(Records for this exercise):
┌────────
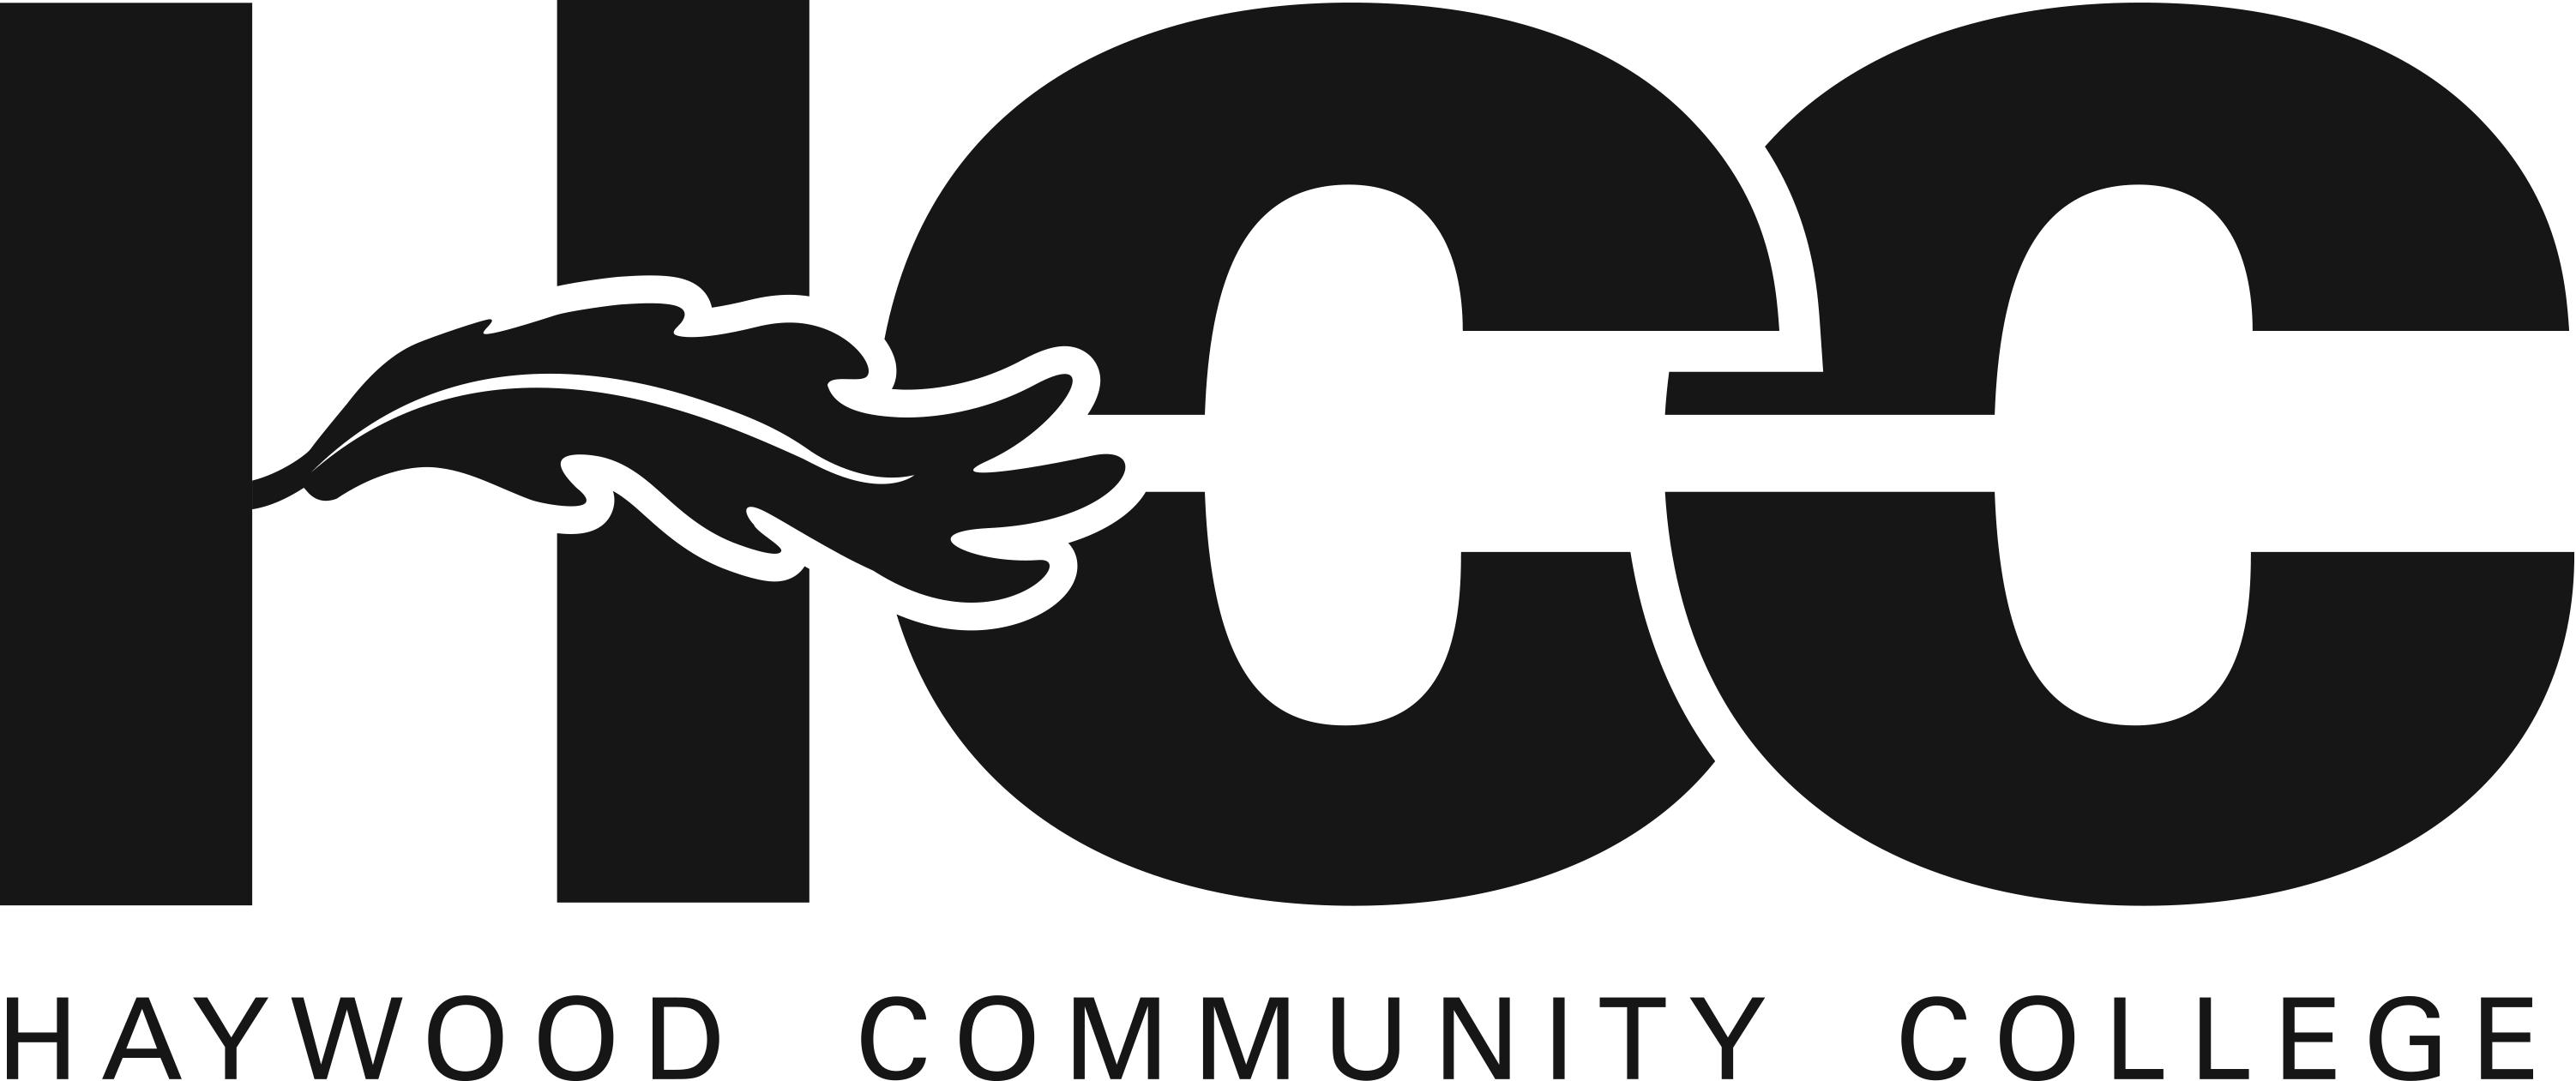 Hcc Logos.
└────────
┌────────
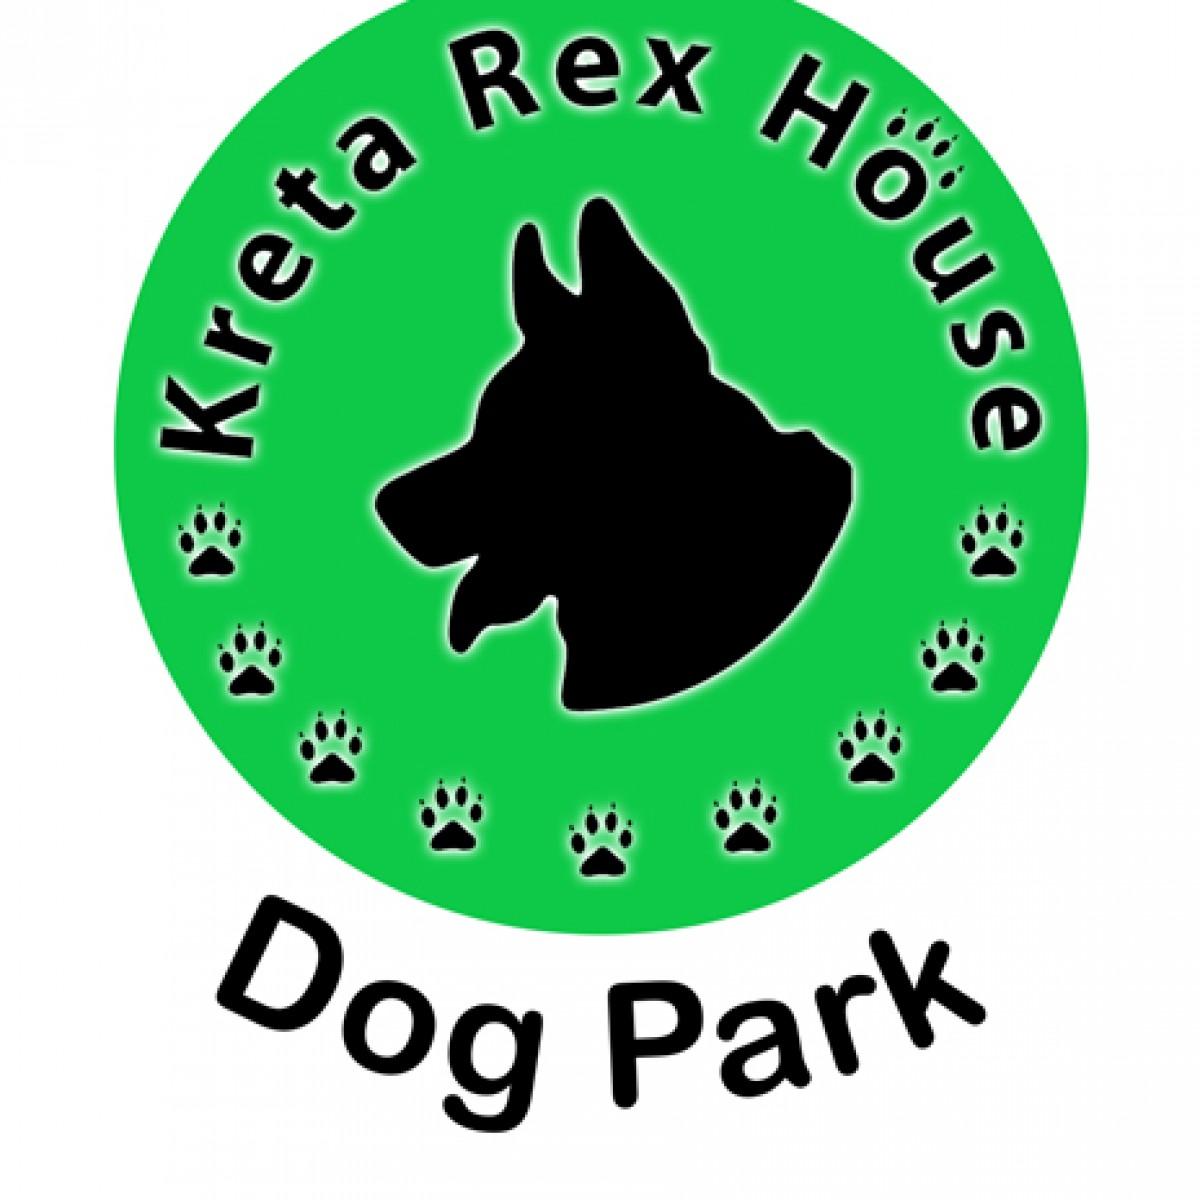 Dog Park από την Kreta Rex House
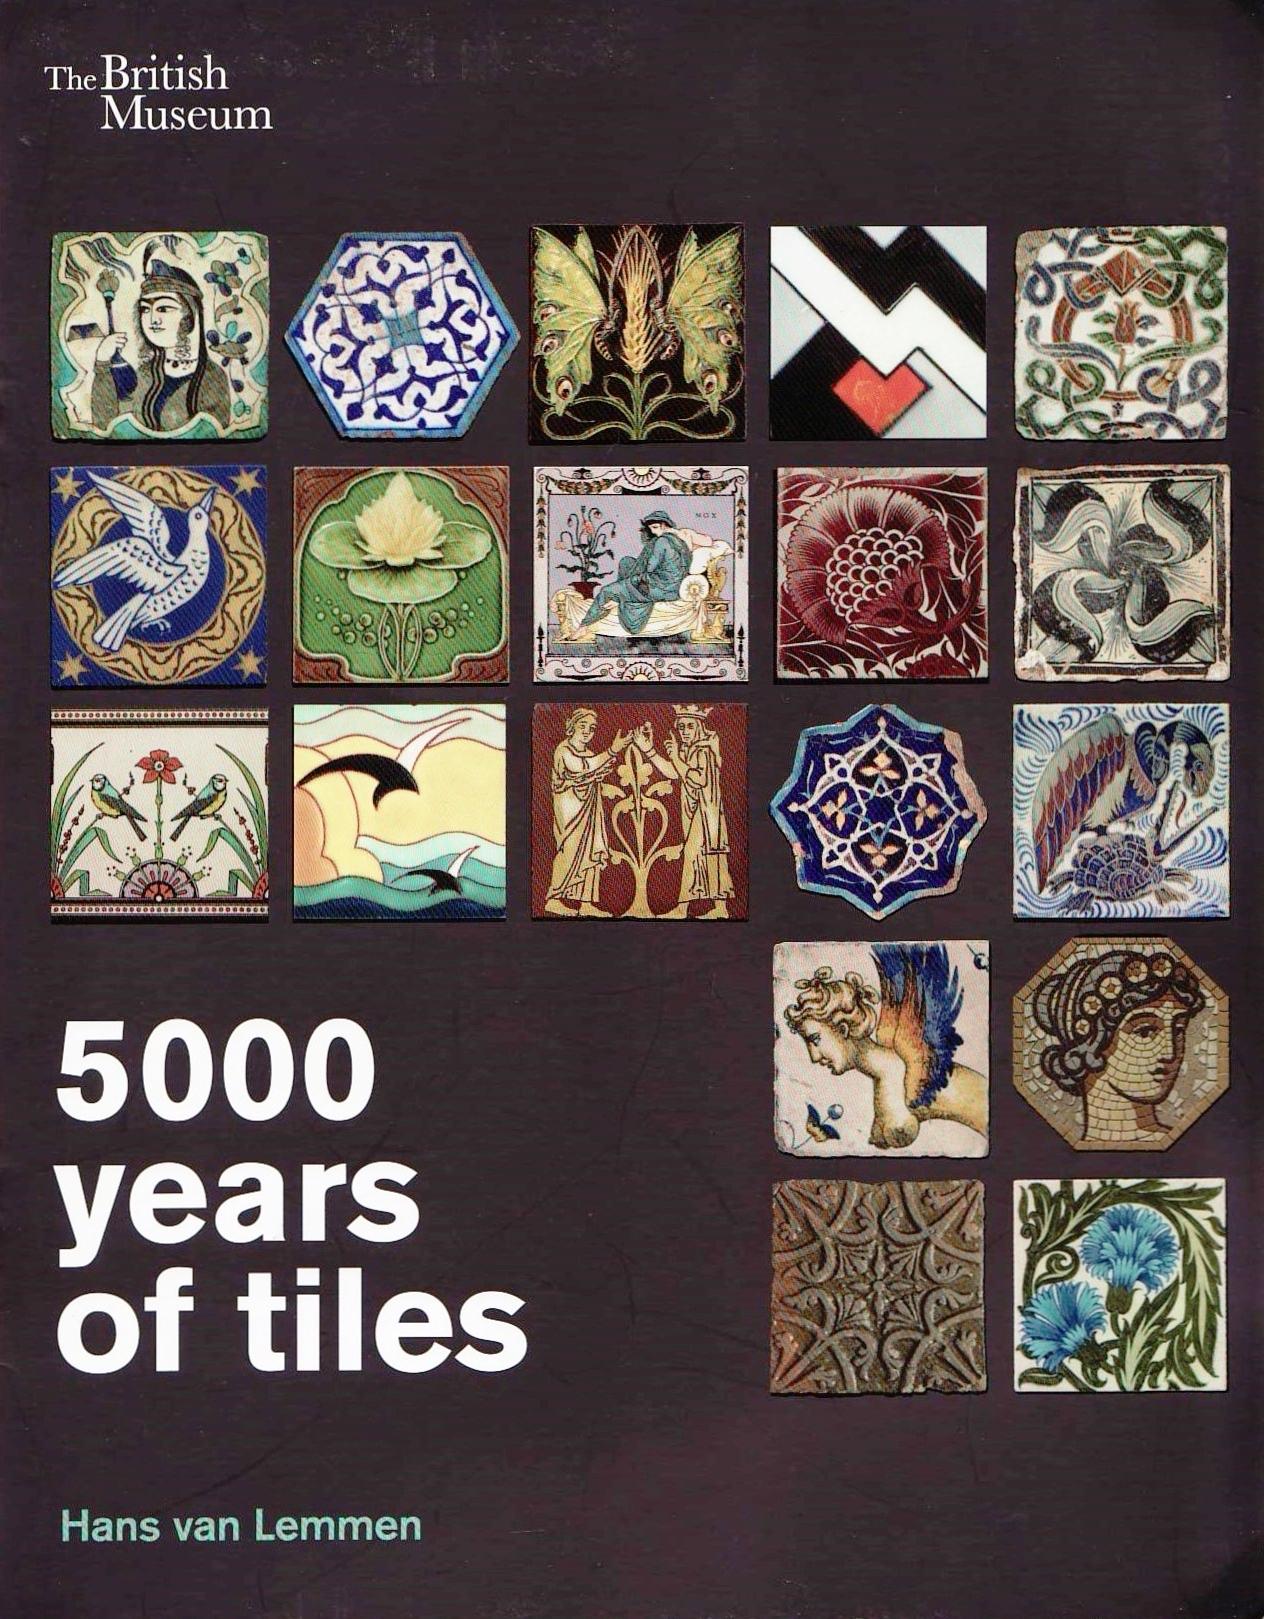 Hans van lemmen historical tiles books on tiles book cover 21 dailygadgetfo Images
└────────
(Task goal):
A clean copy is needed of the lines above from the one with "Dog Park από την Kreta Rex House" up to and including the one with "Hans van lemmen". Please set it down exactly, with no pictures.

(Answer):
 Dog Park από την Kreta Rex House
 Hans van lemmen historical tiles books on tiles book cover 21 dailygadgetfo Images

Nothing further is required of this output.